I’ve now spent 11 nights in Europe, and my trip actually is moving into the home stretch, but this is my first blog post. I write for a living, but, hey, I’m on vacation. I guess that sort of unofficially comes to an end Monday, when I have a meeting with an e-health official from the European Commission.
I have already seen Amsterdam, Bruges and Antwerp, and I’m heading to Brussels Sunday late afternoon. I’ve also made en-route stops in The Hague and Ghent.
Just like freelancing, traveling alone has its ups and downs. You have the freedom to do what you want, when you want. But there are also long periods of loneliness.
What’s that, you say? I came to Europe with a friend? Well, things didn’t exactly work out as planned. She apparently was upset on the flight that I didn’t read the four or five tour books she brought on Amsterdam and that I didn’t appear “excited” about the trip. How is one supposed to show excitement on a 7½-hour flight. Should I have been doing cartwheels through the airport terminal during my 4-hour layover in Newark? I suppose I should have been glad I was leaving Newark.
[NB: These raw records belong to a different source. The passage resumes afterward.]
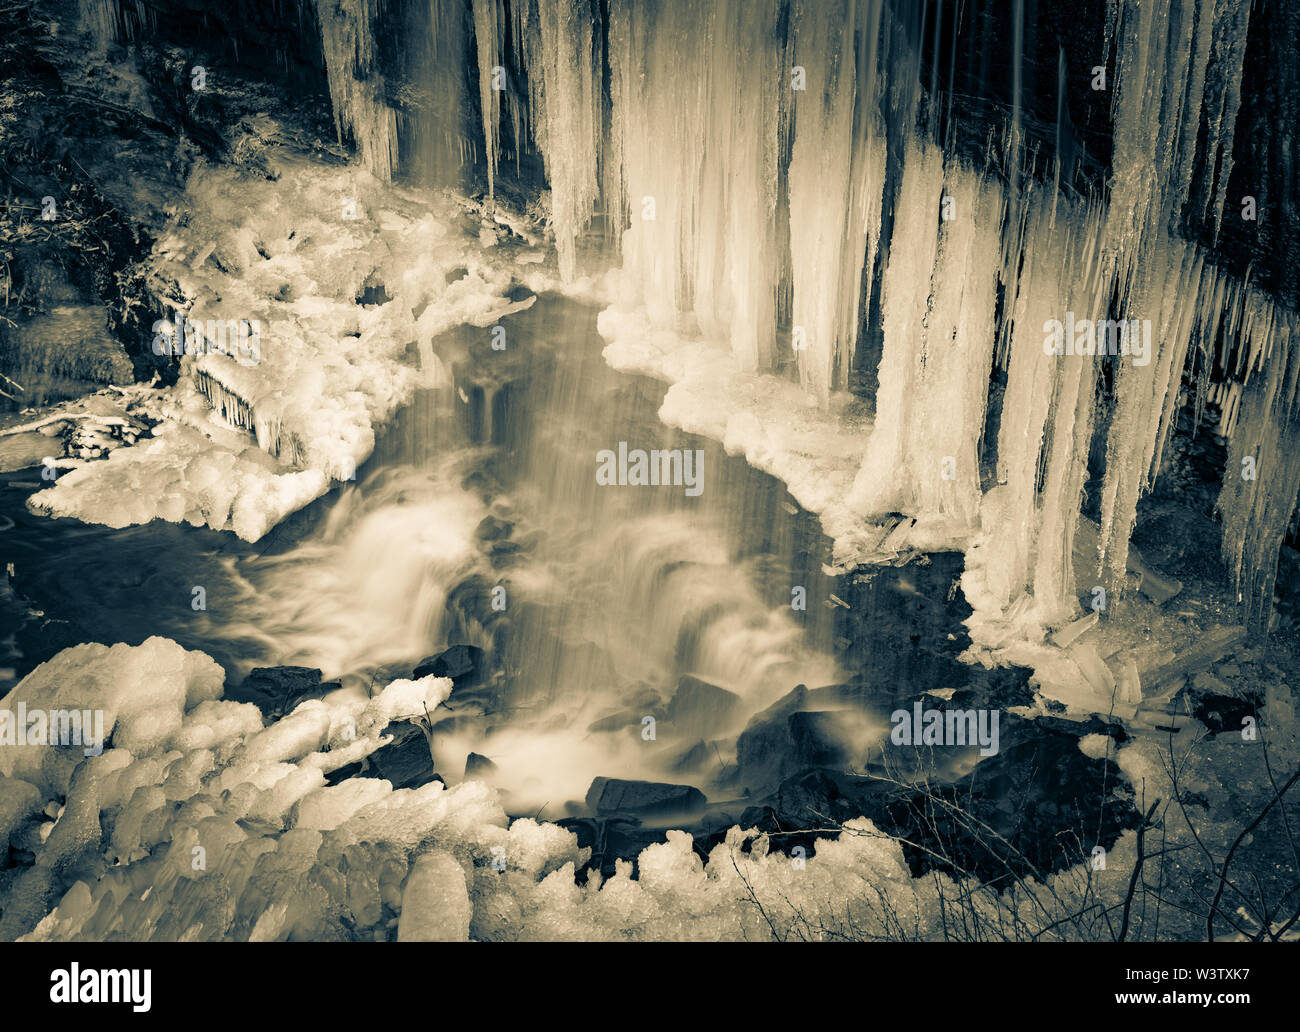 Duotone of a part frozen Grassy Creek Falls, near Little Switzerland, North Carolina, USA. Stock Photo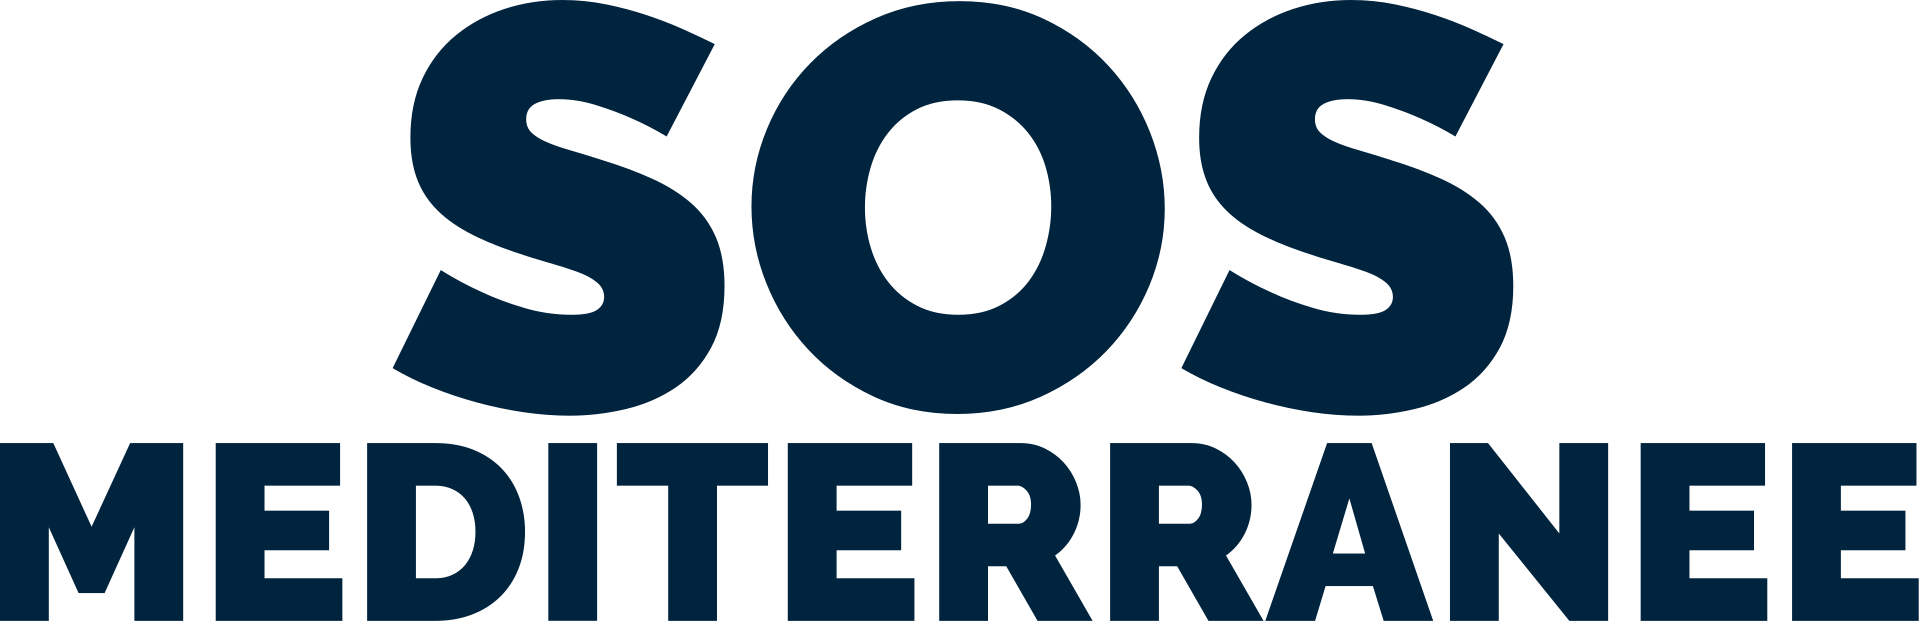 SOS MEDITERRANEE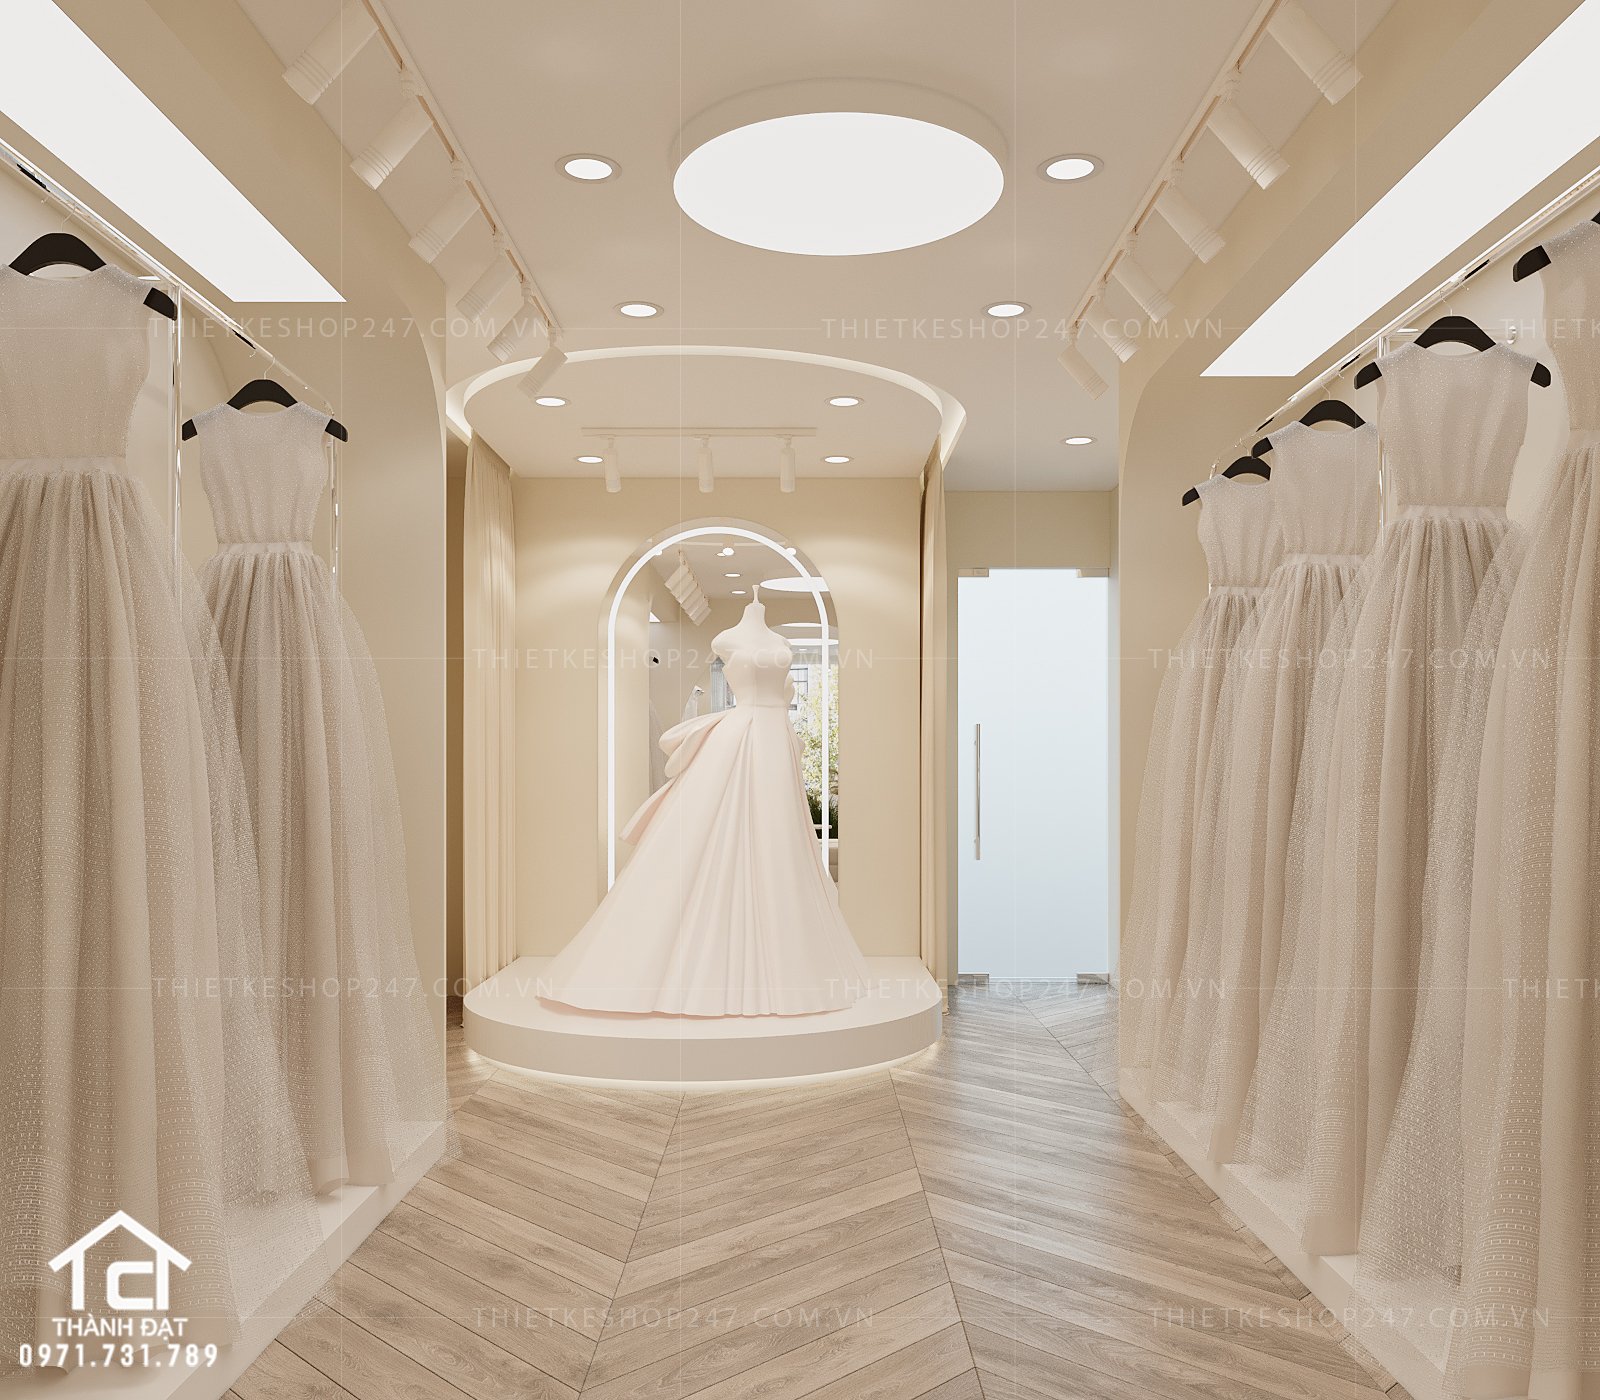 thiết kế studio áo cưới đẹp sang chảnh.jpg

(By the way, I usually love flying in Boeing 767s because they are comfortable, quiet and seem spacious, but the relatively new 767-400 that Continental flies on the EWR-AMS route felt really cramped with the seats so close together and limited under-seat storage. I could not even completely open my laptop when the person in front of me reclined all the way. Oh, for a seat in an exit row!)
Anyway, the tension sort of built in the weeks leading up to the trip, with her complaining that I wasn’t getting excited. I was working hard on multiple projects, including an application for a fellowship I badly want. She was off nearly the entire month of March. During that time, my parents came to visit for a weekend, I sprained my knee playing hockey (I’ve had it wrapped nearly 24/7 on this trip because of all the walking and climbing up stairs), plus I had a trip to Houston less than a week before I left for Amsterdam. I came home to a pile of dirty clothes and a barrage of e-mail. Isn’t that enough excitement?
In Amsterdam, things deteriorated fast. I have been to Europe several times before and have found that the best plan after the all-night flight over is to get to the hotel, eat a good lunch, nap for a couple of hours, shower, go out for a few hours in the late afternoon and evening, then turn in early for a full night’s sleep so I’m ready to go the next day.
She was not happy about the nap, but that’s what I do.
Then, I had to take care of kind of an emergency. I refilled all my prescriptions the day before I departed. One medication came in two bottles. I grabbed the smaller of the two, but didn’t realize there were only 20 pills in the bottle—not even enough for a week. Another medication I just completely forgot to pack. I’m positive it’s on the kitchen counter right next to the sink back home. Why I put it there remains a mystery.
Fortunately, a pharmacy near my hotel was very accommodating. It was about 2:30 p.m. in Amsterdam, which was 7:30 a.m. back in Chicago. My pharmacy at home was not open and my doctor was not in his office. No matter, since the Amsterdam pharmacy would not fill a prescription anyway unless it came from a Dutch physician.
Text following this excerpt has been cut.